● Data block
◇ ◇ ◇ ◇ ◇

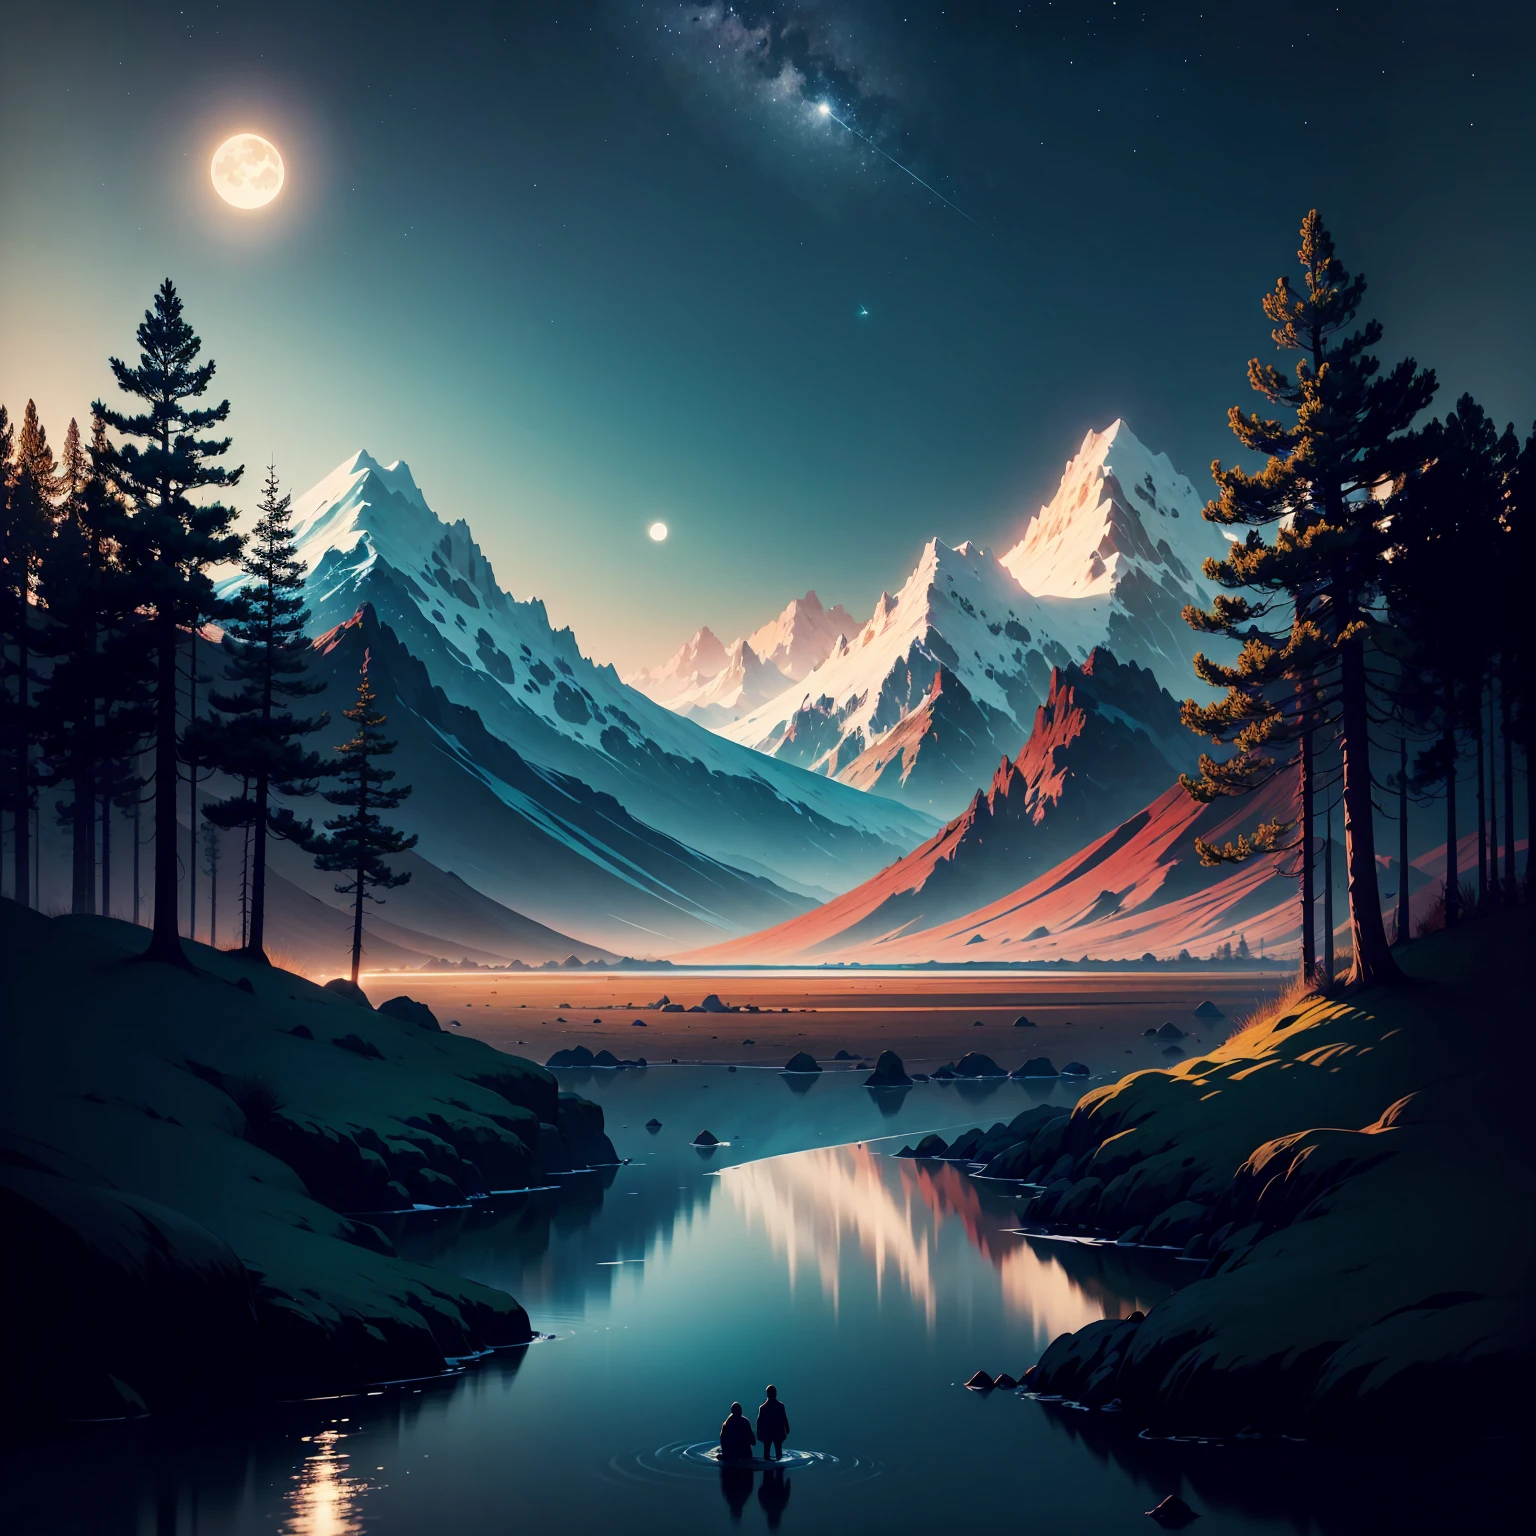 Here is a description of the scene in the style of a Japanese adventure animation: The screen opens up to a breathtaking landscape, with towering mountains in the background and a night sky dotted with twinkling stars. The environment is wrapped in a magical and serene atmosphere, while a gentle breeze swings the grass and trees. In the background we see a hill, the horizon illuminated by the full and radiant moon. The moon emits an intense silver glow, bathing the landscape in a soft, mysterious light. The reflection of the moon is reflected in the character's eyes, bringing an air of wonder and desire for discovery. The wind subtly blows the trees, giving movement and dynamism to the scene. The entire scene is animated with vibrant colors and subtle contrasts, highlighting the beauty of the scenery and the aura of mystery of the moon.
The soft soundtrack, with traditional Japanese instruments, echoes in the background,
increasing the sense of impending adventure.
This Japanese animated scene captures the excitement and grandeur of an epic journey, as the main character faces the moonlit horizon, Ready to embark on an incredible adventure full of challenges and discoveries.

◇ ◇ ◇ ◇ ◇

● What is needed
Give back the full listing exactly, with pictures dropped.

● Task output
 Here is a description of the scene in the style of a Japanese adventure animation: The screen opens up to a breathtaking landscape, with towering mountains in the background and a night sky dotted with twinkling stars. The environment is wrapped in a magical and serene atmosphere, while a gentle breeze swings the grass and trees. In the background we see a hill, the horizon illuminated by the full and radiant moon. The moon emits an intense silver glow, bathing the landscape in a soft, mysterious light. The reflection of the moon is reflected in the character's eyes, bringing an air of wonder and desire for discovery. The wind subtly blows the trees, giving movement and dynamism to the scene. The entire scene is animated with vibrant colors and subtle contrasts, highlighting the beauty of the scenery and the aura of mystery of the moon.
The soft soundtrack, with traditional Japanese instruments, echoes in the background,
increasing the sense of impending adventure.
This Japanese animated scene captures the excitement and grandeur of an epic journey, as the main character faces the moonlit horizon, Ready to embark on an incredible adventure full of challenges and discoveries.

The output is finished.